■ Task ■
The whole listing needs retyping exactly; keep the pictures out of it.

-- Supplied data follows --

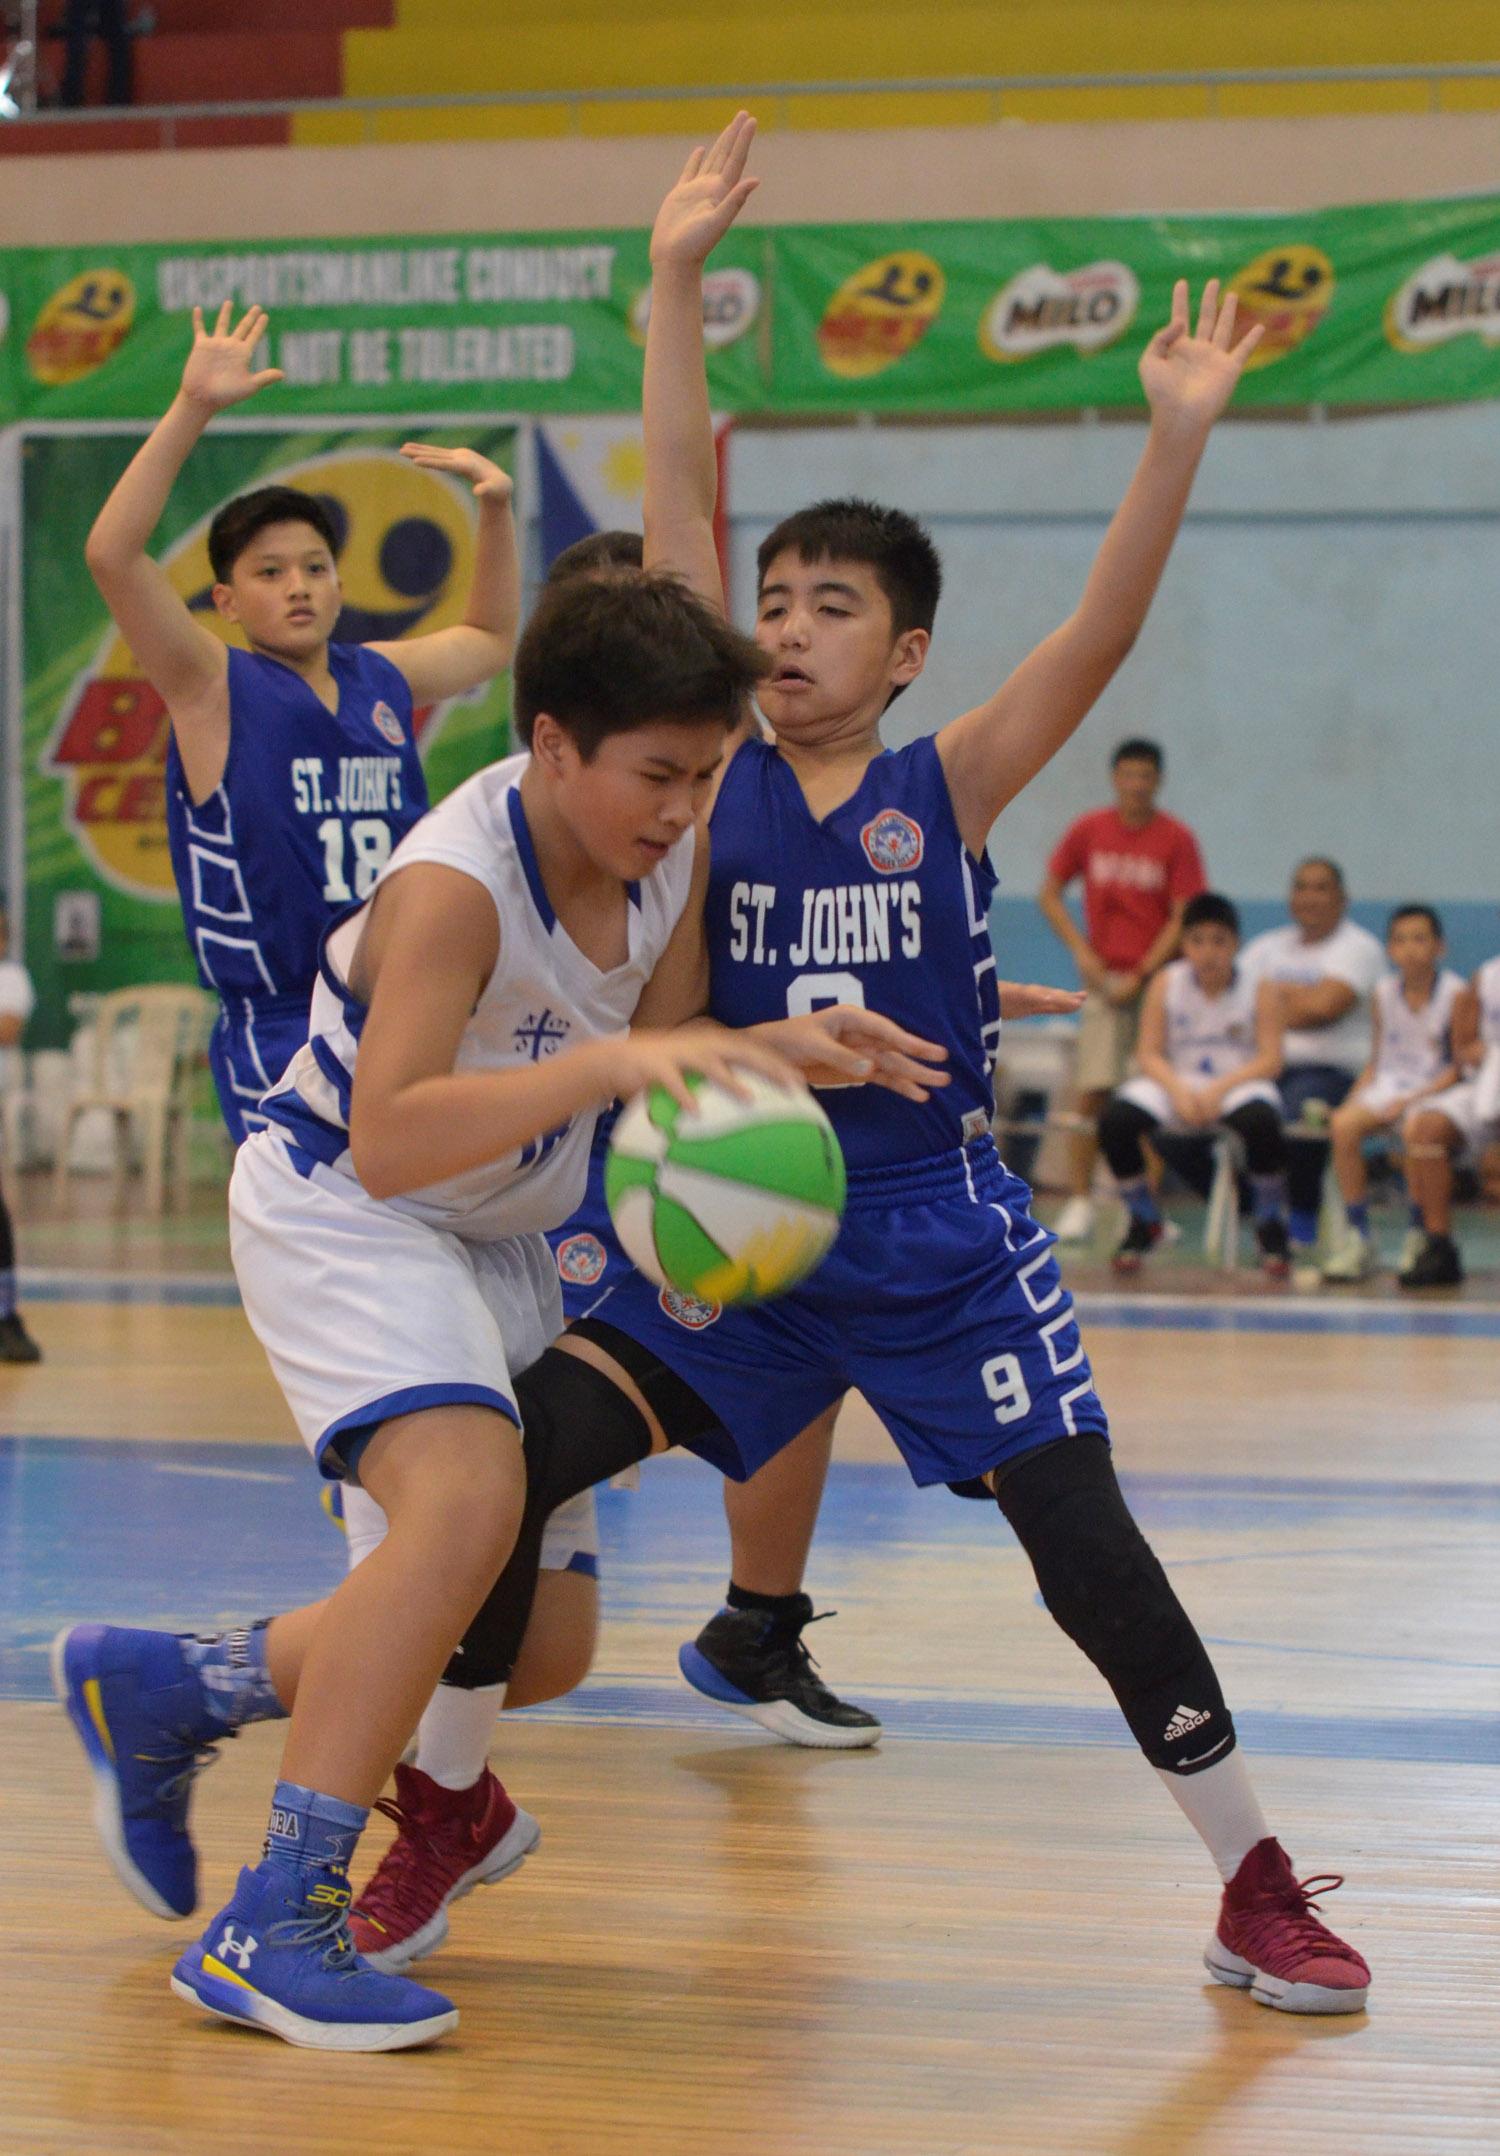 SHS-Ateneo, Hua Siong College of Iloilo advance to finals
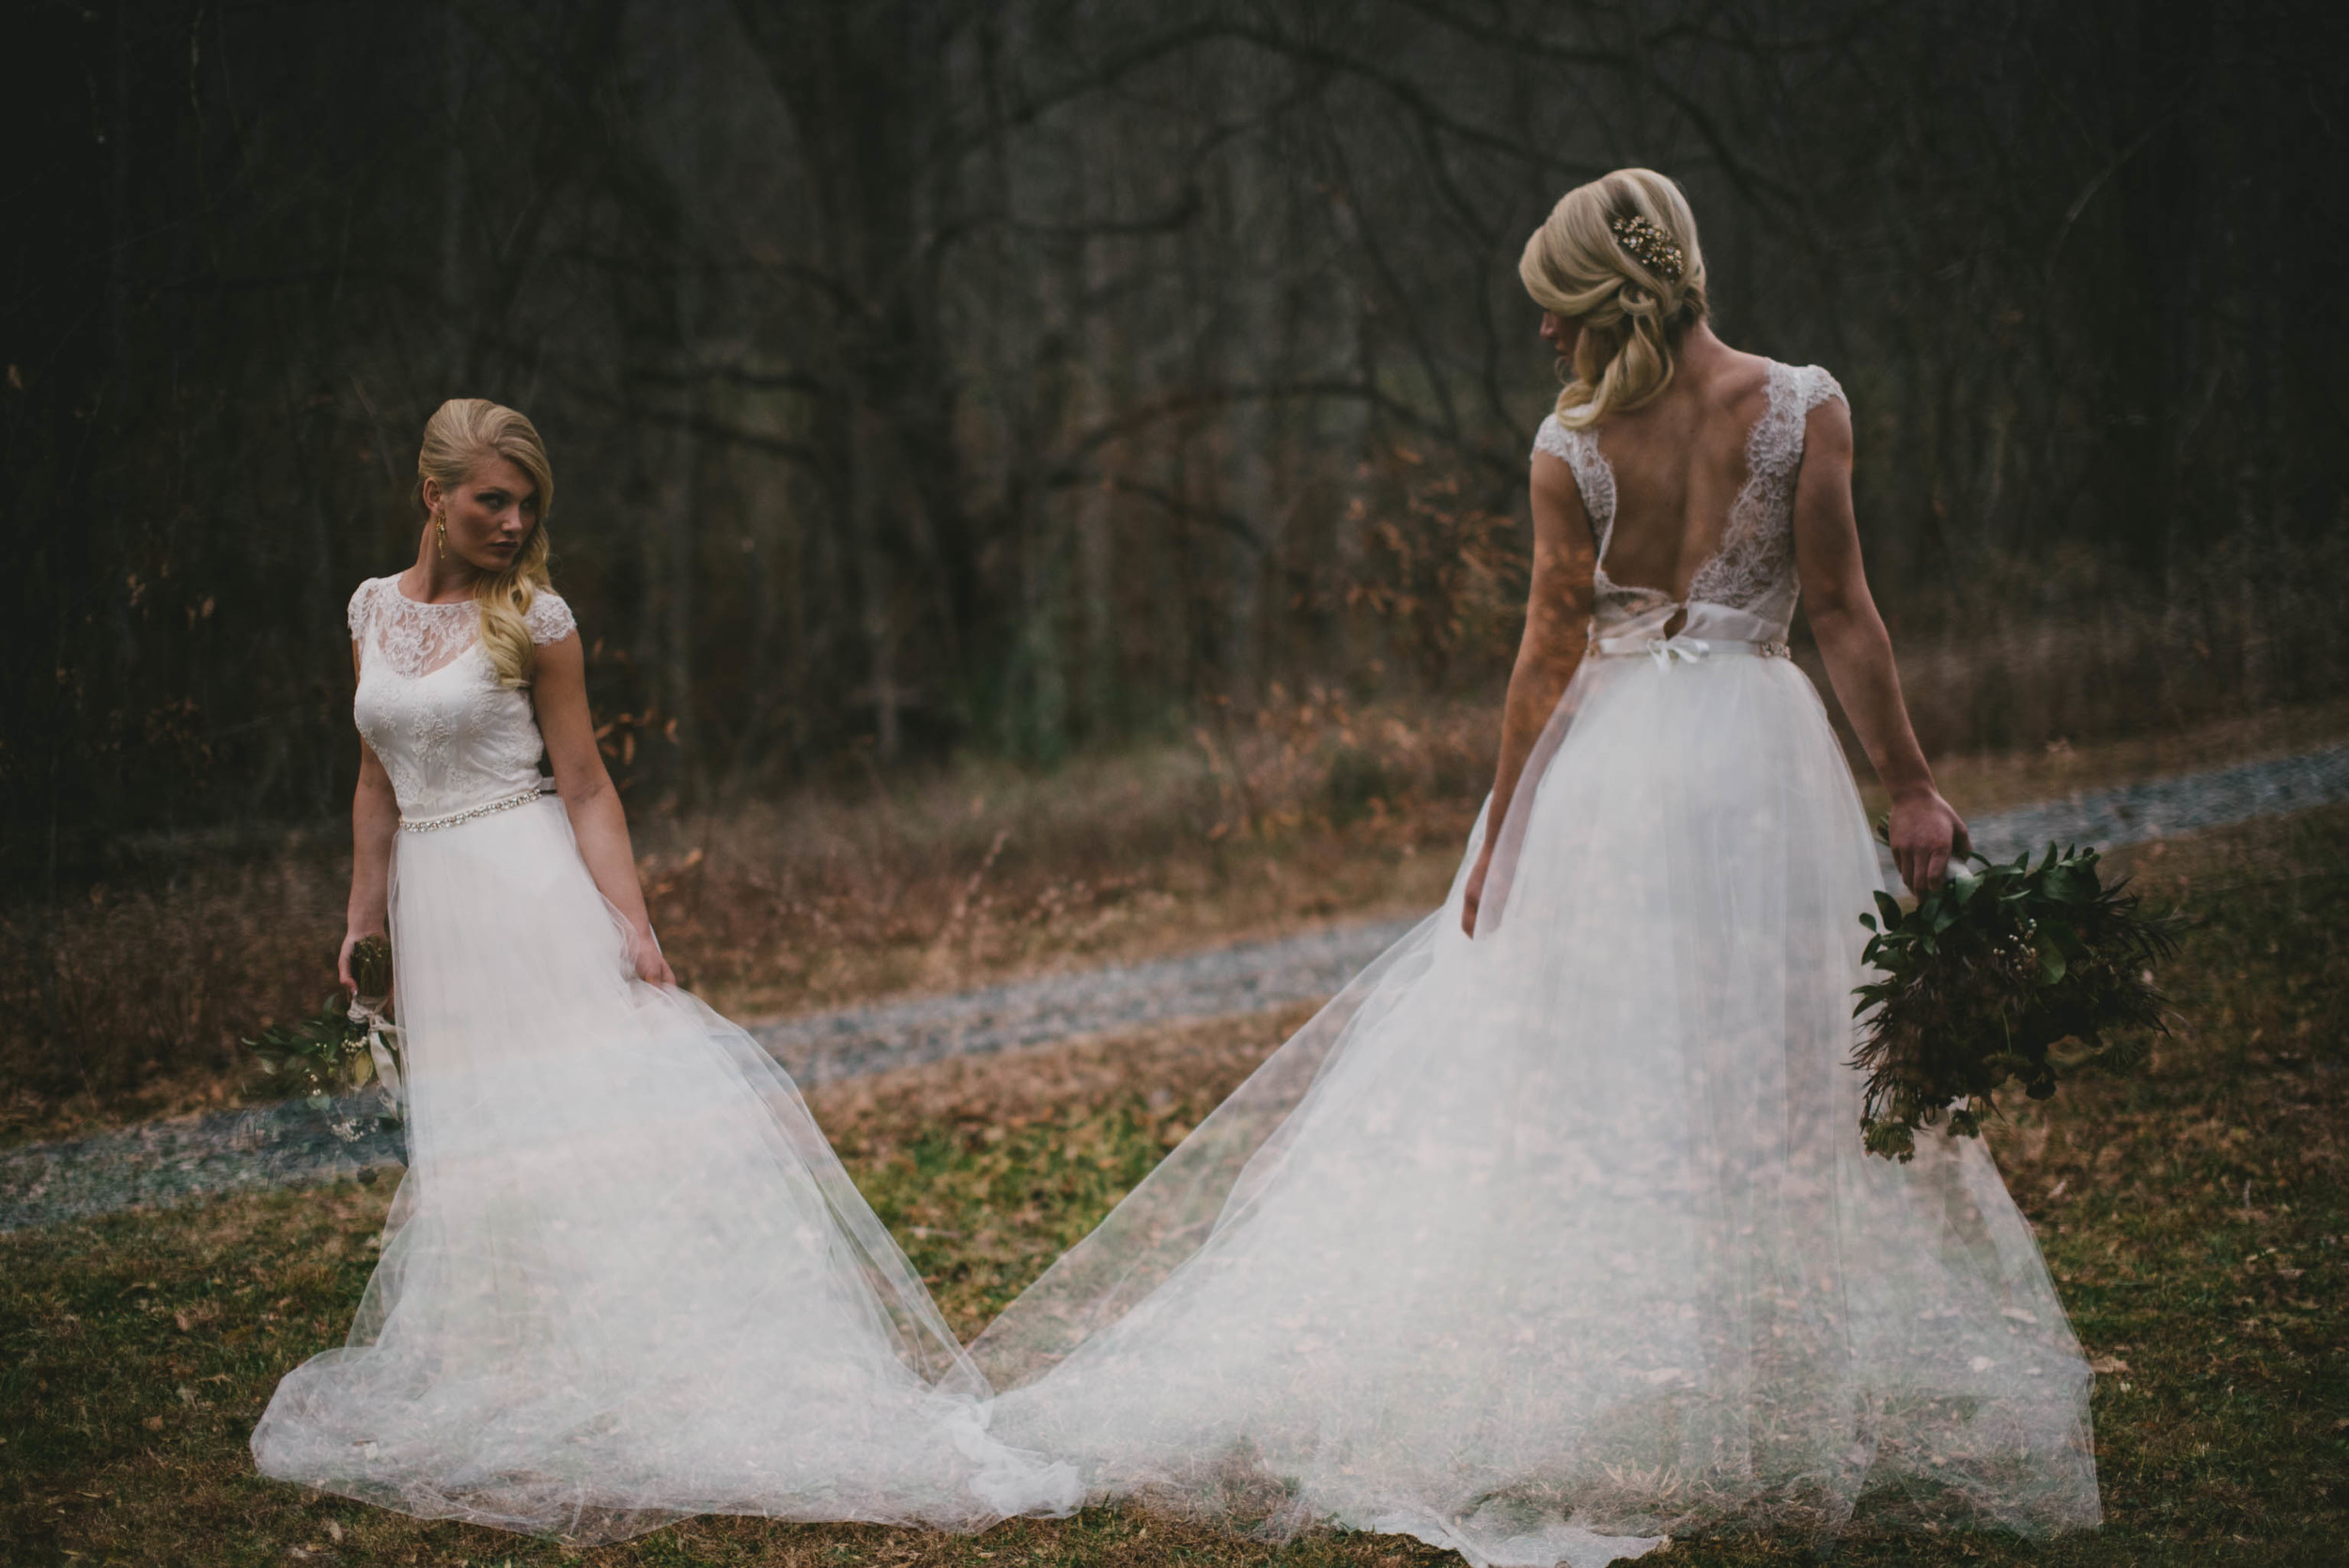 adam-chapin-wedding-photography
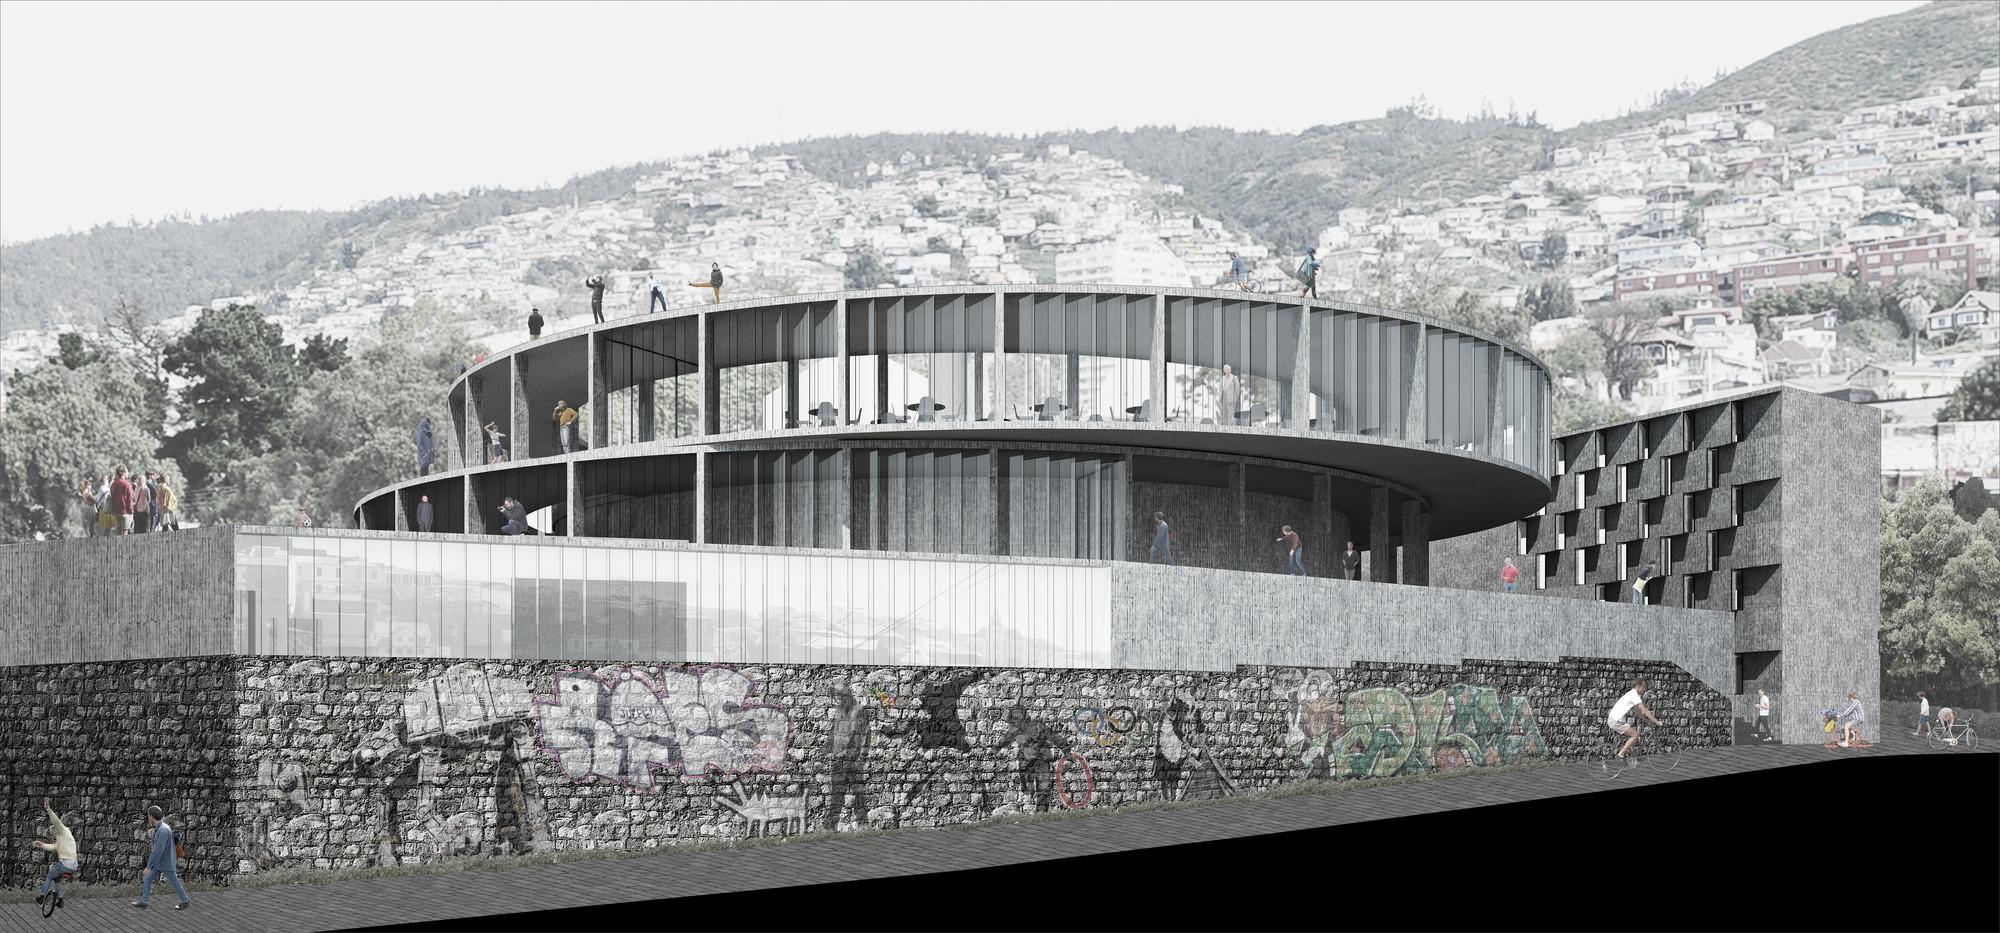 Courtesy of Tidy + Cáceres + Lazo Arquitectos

-- Supplied data concluded --

■ Response ■
 SHS-Ateneo, Hua Siong College of Iloilo advance to finals
 adam-chapin-wedding-photography
 Courtesy of Tidy + Cáceres + Lazo Arquitectos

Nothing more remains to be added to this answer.